I approached food prep in the 2 is 1 approach. I need more than 1 fuel source, and more than 1 way to heat/cook my food. 

What I found, based on my location, is that propane & charcoal are easy to get my hands on, but barring that, it's consistently sunny enough to get a solar oven/heating system. There are many to choose from, but I'm currently eyeing one with a reflective disk, to heat pots, as you mentioned.

I'm blessed enough to be in a sunny place though. Of your urban area has consistent sun, it might be worth looking into.


----------



## NMPRN (Dec 25, 2020)

Solar ovens are definitely the way to go in my neck of the woods. I've looked into buying one but when you find one that's worth having you're paying way too much for what you get. 

I've drawn up a couple of ideas for a practical homemade oven, I just need to get off my butt and build one.


----------



## Back Pack Hack (Sep 15, 2016)

I have multiple stoves that utilize various fuels and I am slowly stockpiling those fuels. I do have a solar oven, but the upper midwest isn't the best for it. I purchased it mostly to pasteurize water.


----------



## OregonDreams (26 d ago)

In the summer I can use the inside of my car to cook things. It might take a couple days to cook beans, but with some determination and patience I have little doubt it could be done.


----------



## Spenser (5 mo ago)

NMPRN said:


> t's probably a rhetorical question for a lot of folks but for people living in urban areas or, like me, in a suburban area with very little firewood available it's a real issue.
> 
> Like all good preppers I've got buckets and buckets of beans and rice.

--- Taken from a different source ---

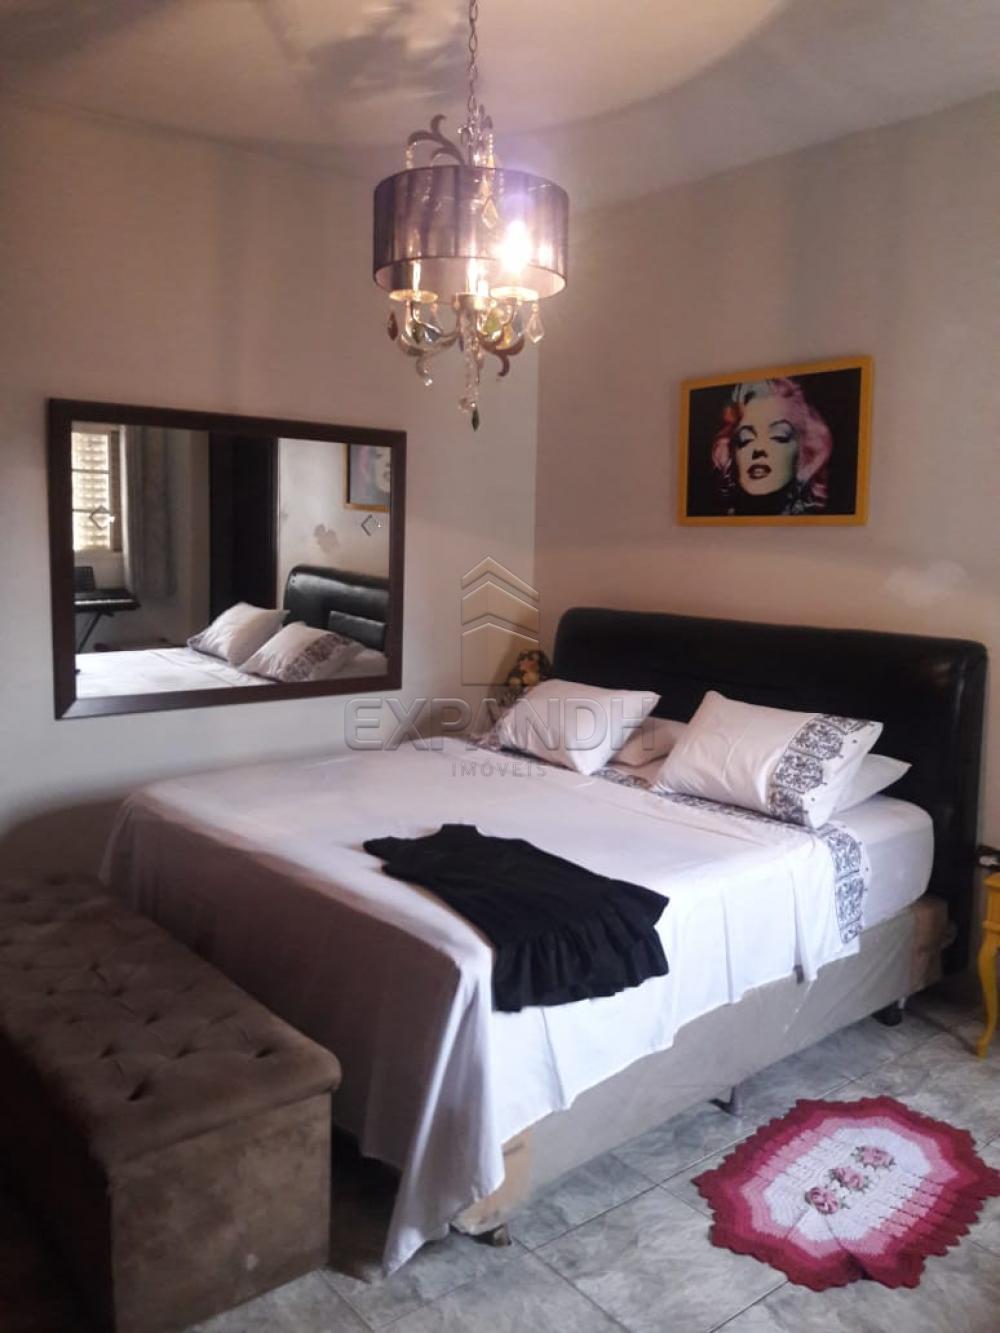 Comprar Casas / Padrão em Sertãozinho apenas R$ 400.000,00 - Foto 17

The answer has already been given to you based on where you reside.

Solar Oven

With regard to buying one, there is no need to fork over cash.

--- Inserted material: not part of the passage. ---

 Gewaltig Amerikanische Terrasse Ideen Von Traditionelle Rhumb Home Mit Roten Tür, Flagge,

all you need is a Dutch oven, or any cast iron pot w/lid
Either sheet metal or thick aluminum foil
heat resistant transparent plastic like they use in Crockpot liners
There are numerous diagram setups for how to put this together, the best ones would have multiple reflectors, and you could even use a wide magnifying glass

In your neck of the woods surely at certain portions of the day you have enough sunlight to cook all of your rice and beans for a weeks' worth of food.


----------



## inceptor (Nov 19, 2012)

OregonDreams said:


> In the summer I can use the inside of my car to cook things. It might take a couple days to cook beans, but with some determination and patience I have little doubt it could be done.


Sounds like Texas. 😄


----------



## NMPRN (Dec 25, 2020)

Spenser said:


> In your neck of the woods surely at certain portions of the day you have enough sunlight to cook all of your rice and beans for a weeks' worth of food.

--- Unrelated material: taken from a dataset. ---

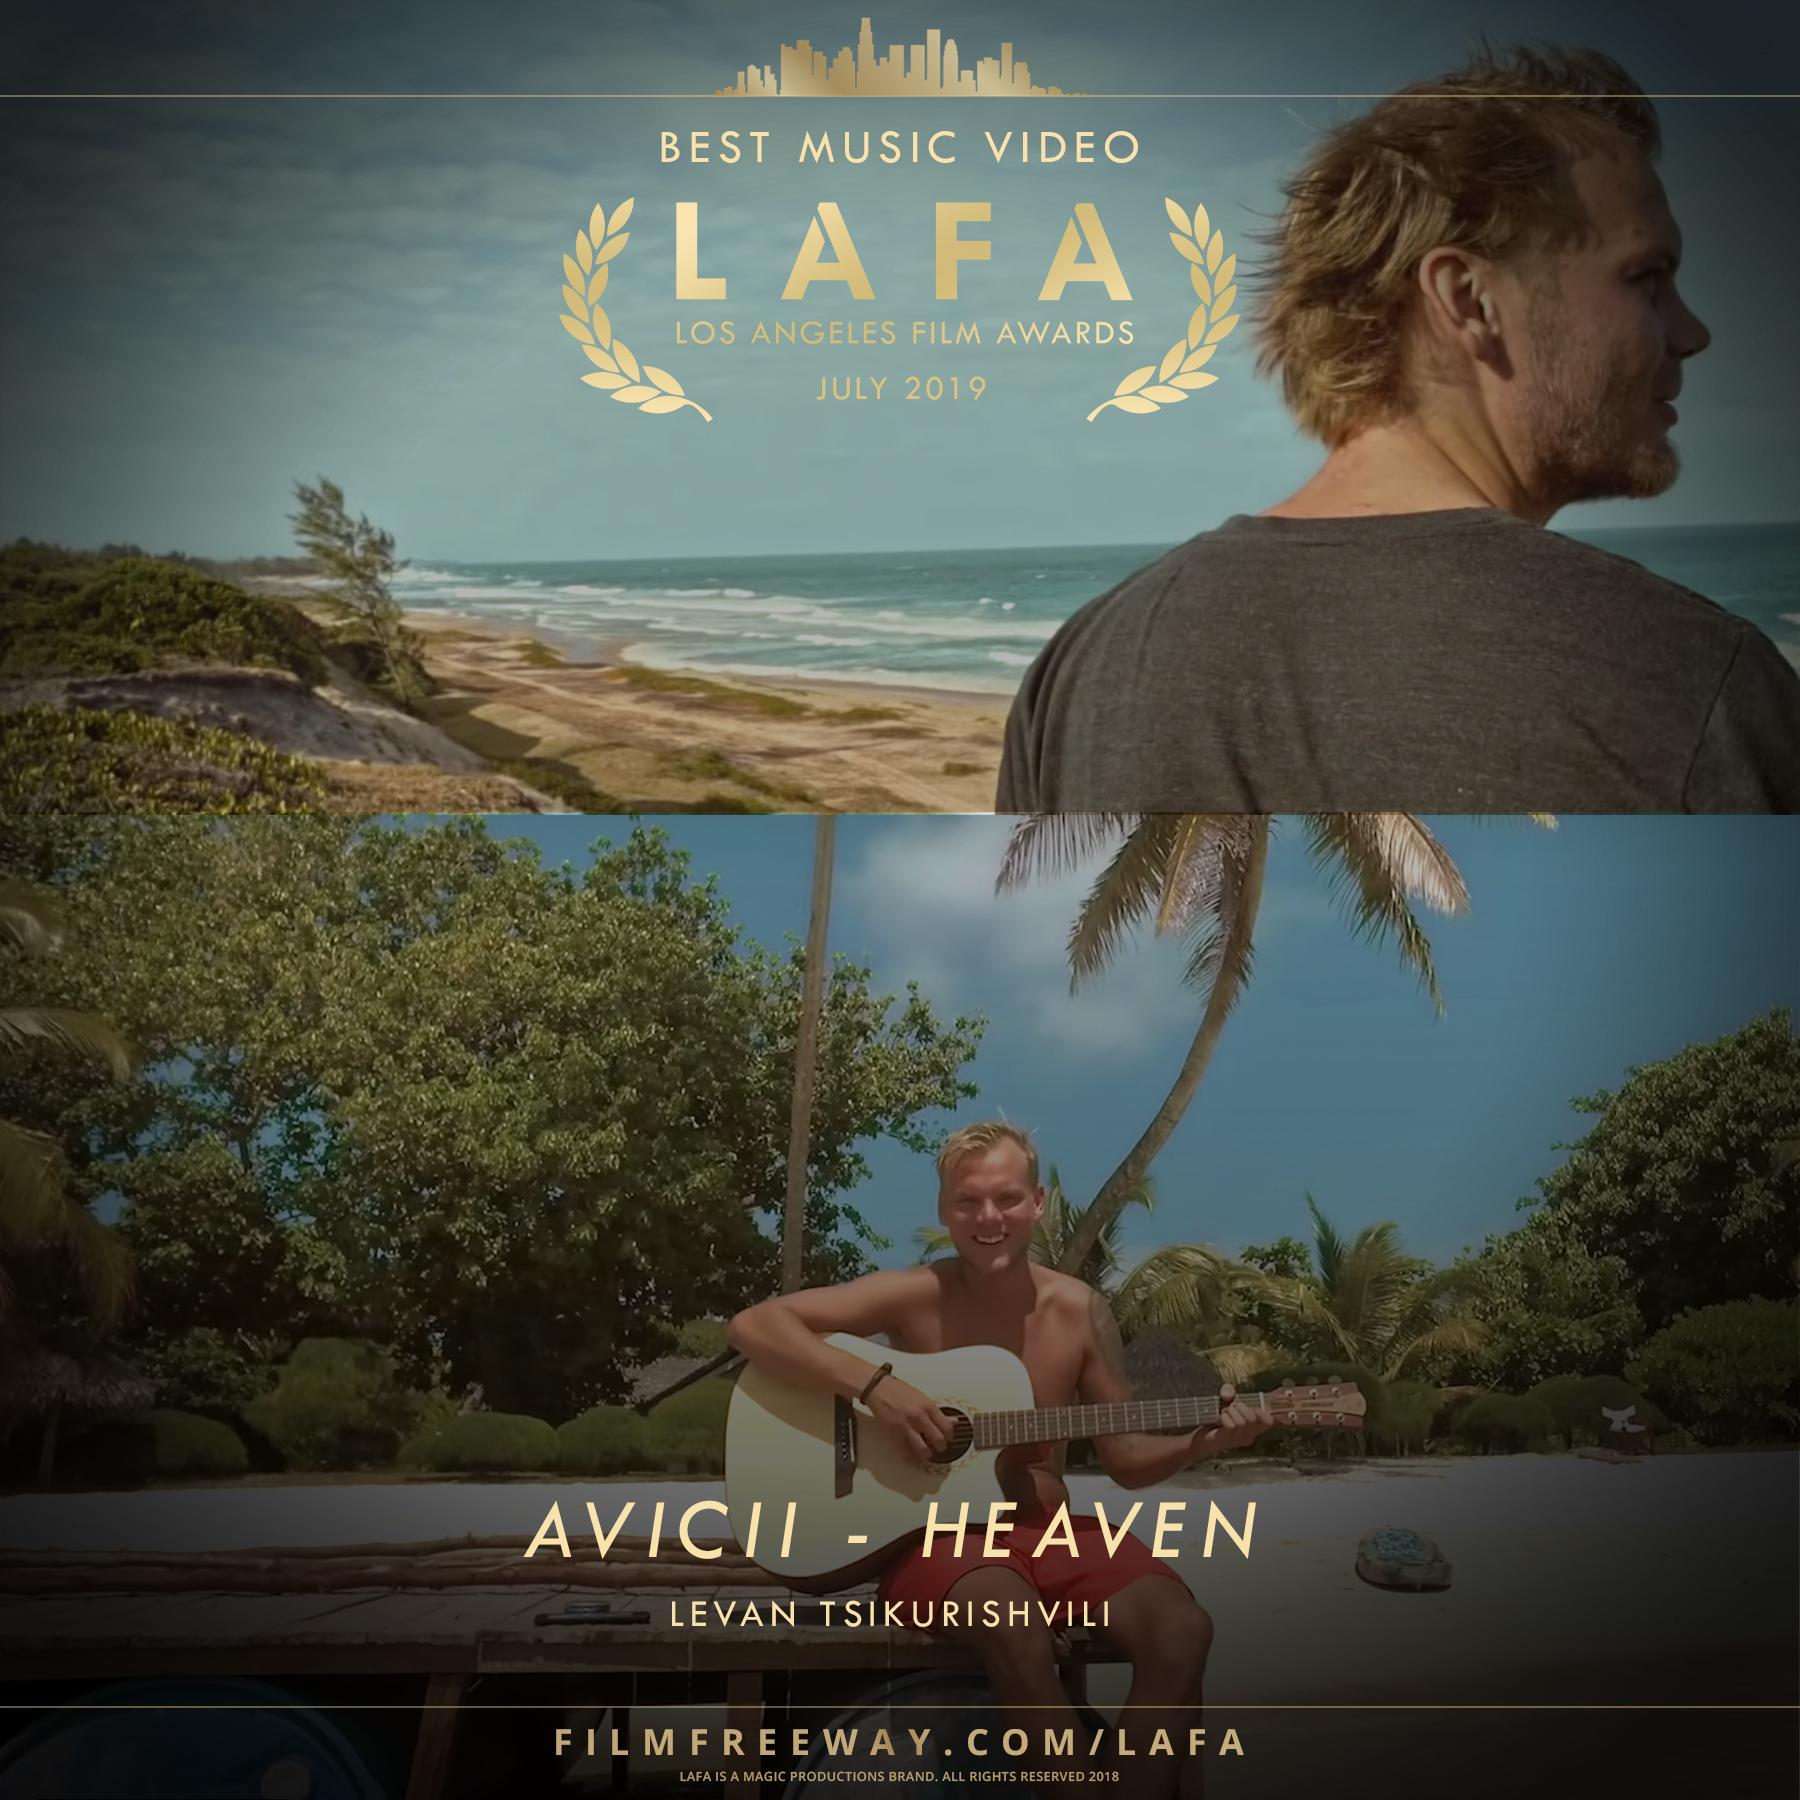 AVICII - HEAVEN design

Yep, I'm in the same boat as OregonDreams. I think I could put a dutch oven on the sidewalk and cook beans. I'll build a solar oven but first I've got to find a way to remove this big La-Z-Boy chair that's stuck to my butt.


----------



## jacob7 (3 mo ago)

ItsJustMe said:


> When I first started stocking food, it was dried beans, rice and pasta. It didn't take long to realize the error in that. Requires lots of water and fuel to cook. In addition, I am alone and to cook a large batch would mean finding a way to keep it from spoiling. I switched to almost all canned everything. It needs no cooking and can be eaten straight out of the can. No fuel, no solar, all I need is a way to open the can. No cooking smells to alert others. KISS.
> 
> Someone once told me that if you are poor, people leave you alone since you have nothing others want. Something to think about. Call it an extension of the gray man. Move along, nothing here to see.


I cannot believe the time has come where I'm stocking up on binge food, This is ridiculous.


----------